Data =>
<<<<

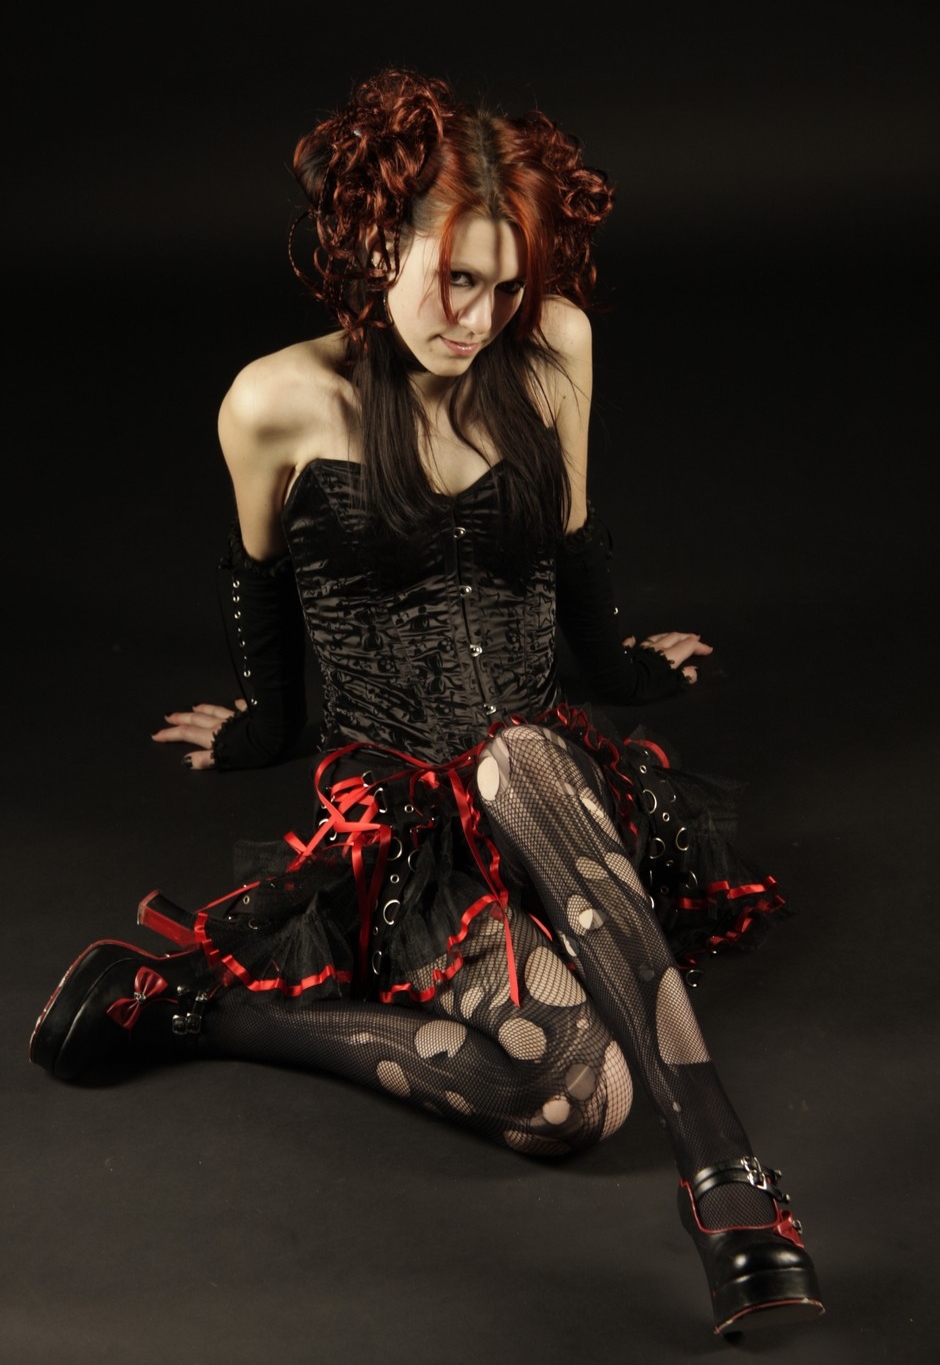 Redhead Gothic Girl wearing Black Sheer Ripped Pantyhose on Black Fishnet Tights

>>>>
<<<<

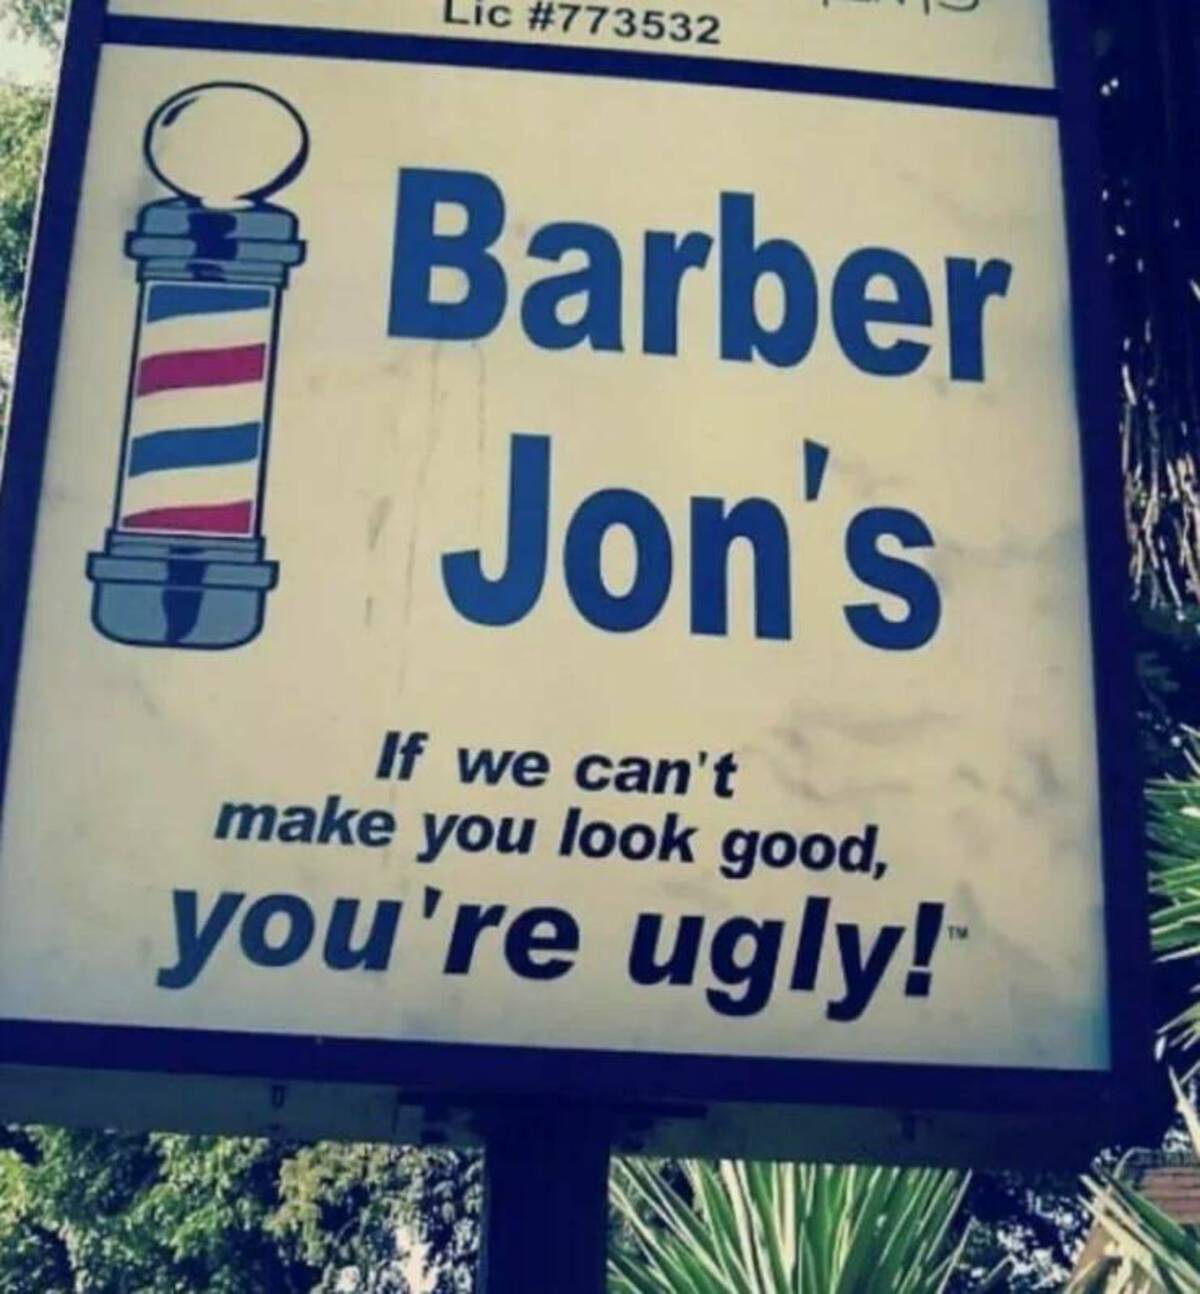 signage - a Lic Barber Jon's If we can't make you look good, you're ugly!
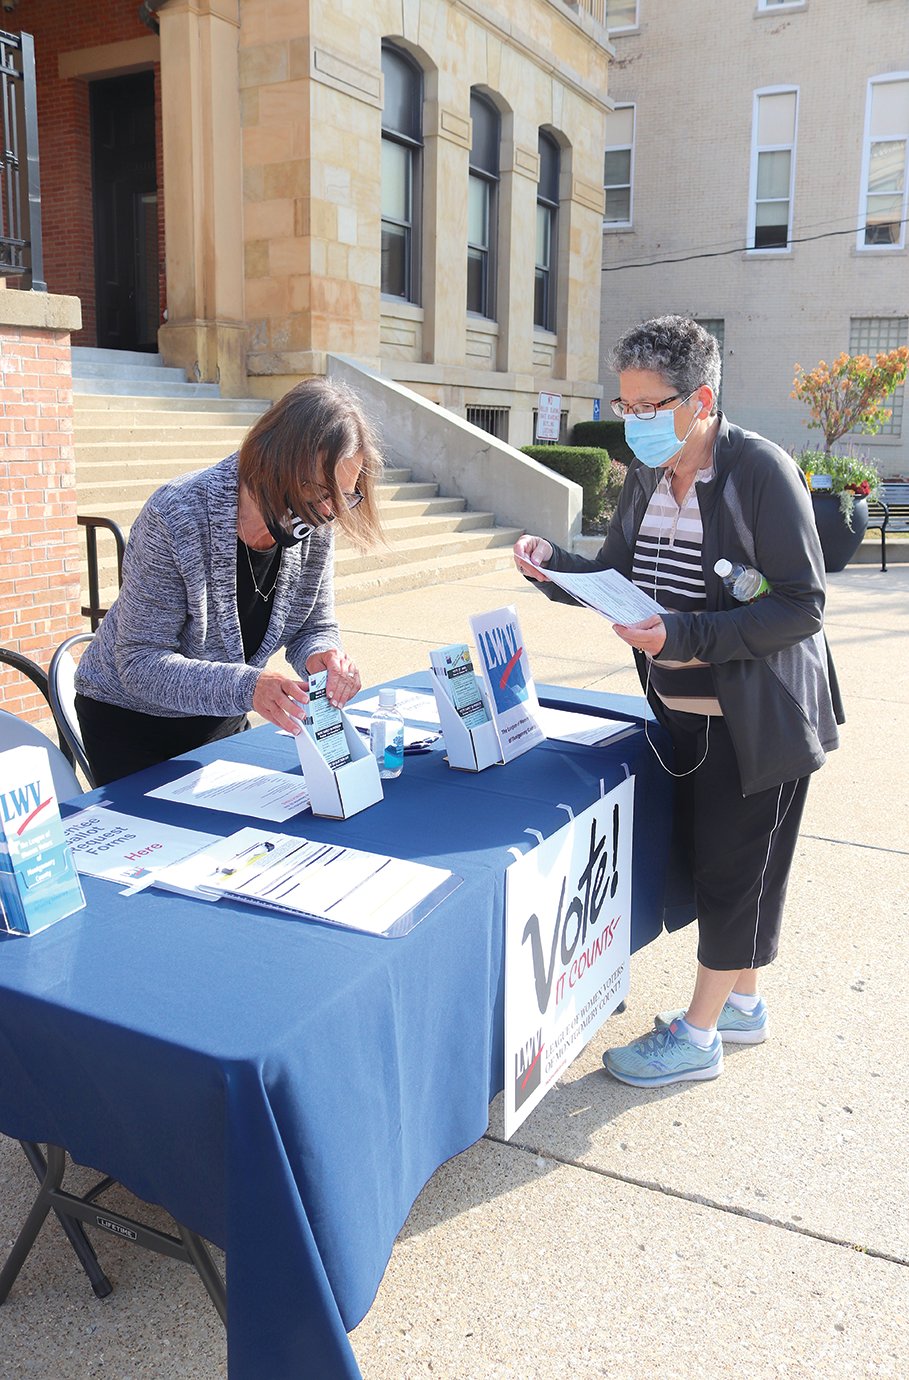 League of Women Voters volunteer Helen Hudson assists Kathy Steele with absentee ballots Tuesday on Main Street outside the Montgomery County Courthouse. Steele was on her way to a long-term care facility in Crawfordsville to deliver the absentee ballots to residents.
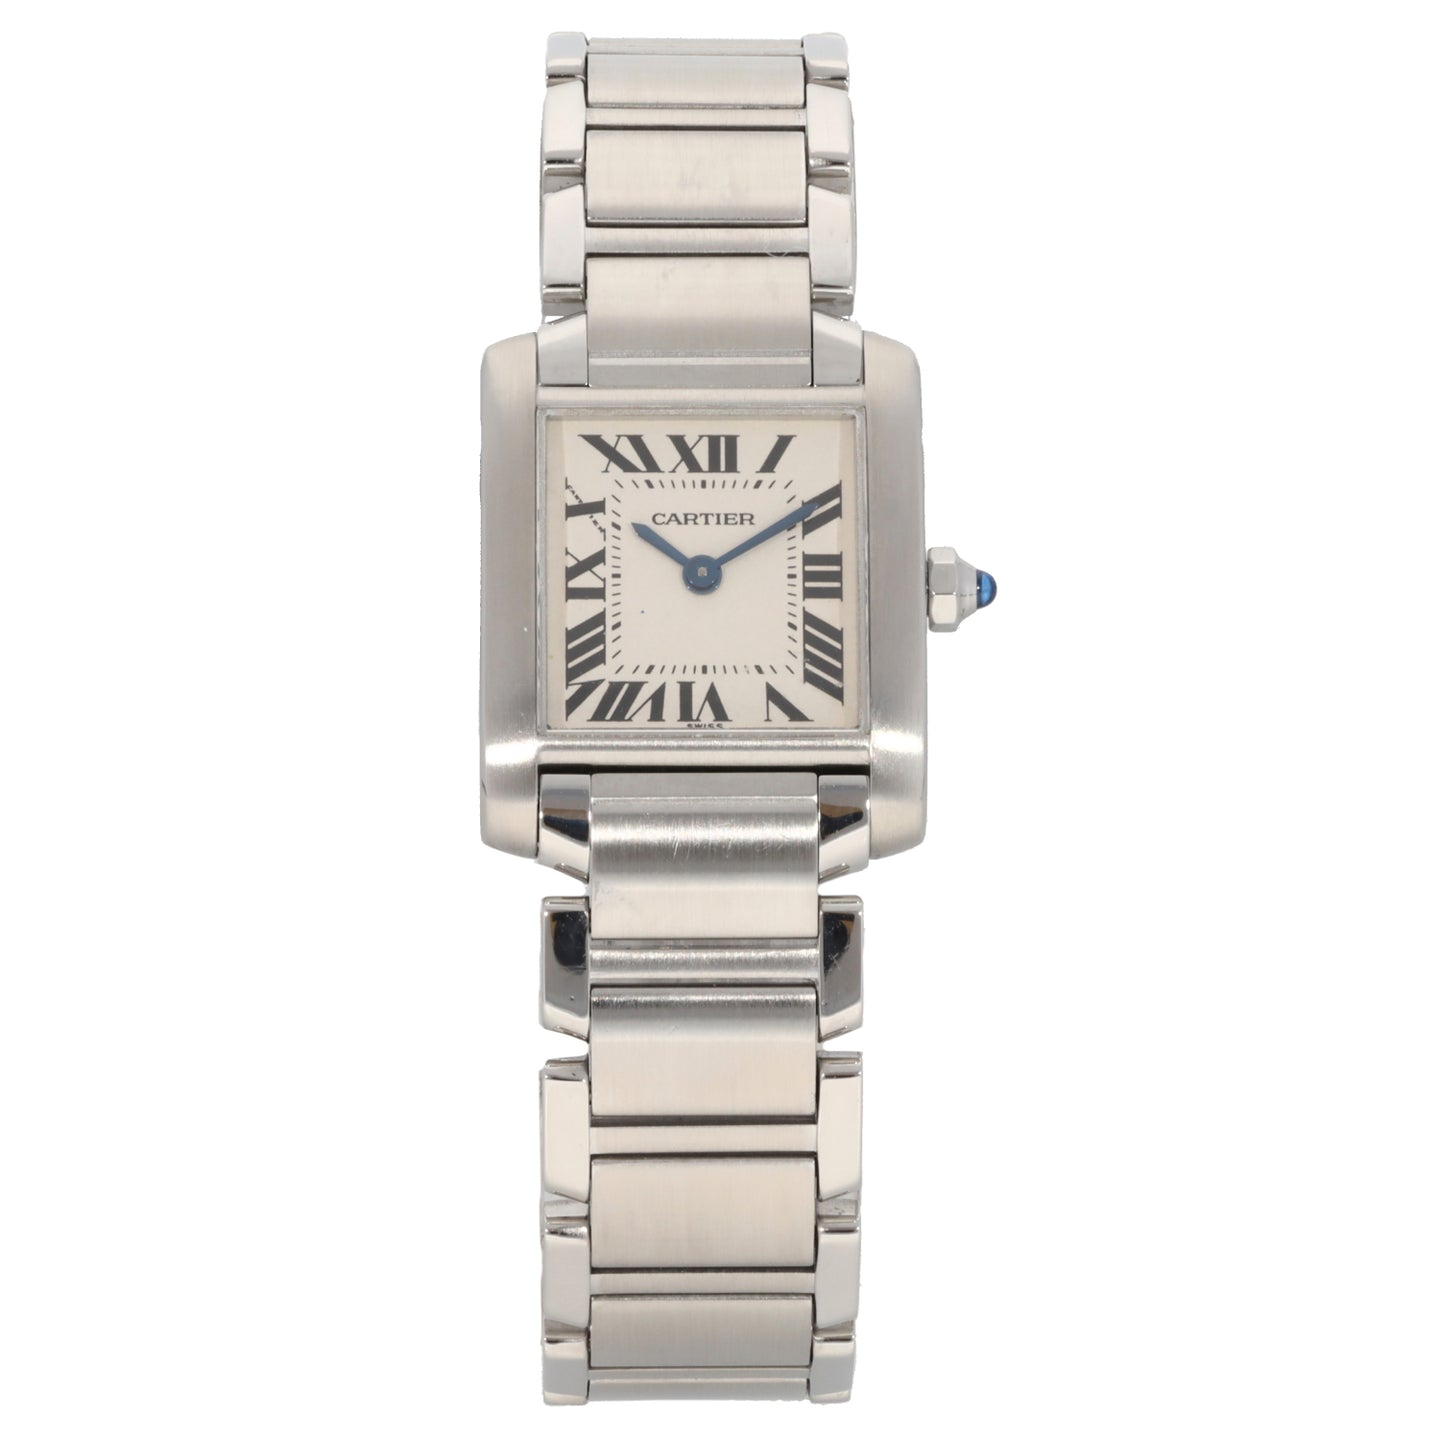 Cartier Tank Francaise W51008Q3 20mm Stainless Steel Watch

>>>>

Task => Pictures in the material above should be skipped; print exactly the lines from the one with "League of Women" through the one with "Cartier Tank Francaise".

Task output =>
 League of Women Voters volunteer Helen Hudson assists Kathy Steele with absentee ballots Tuesday on Main Street outside the Montgomery County Courthouse. Steele was on her way to a long-term care facility in Crawfordsville to deliver the absentee ballots to residents.
 Cartier Tank Francaise W51008Q3 20mm Stainless Steel Watch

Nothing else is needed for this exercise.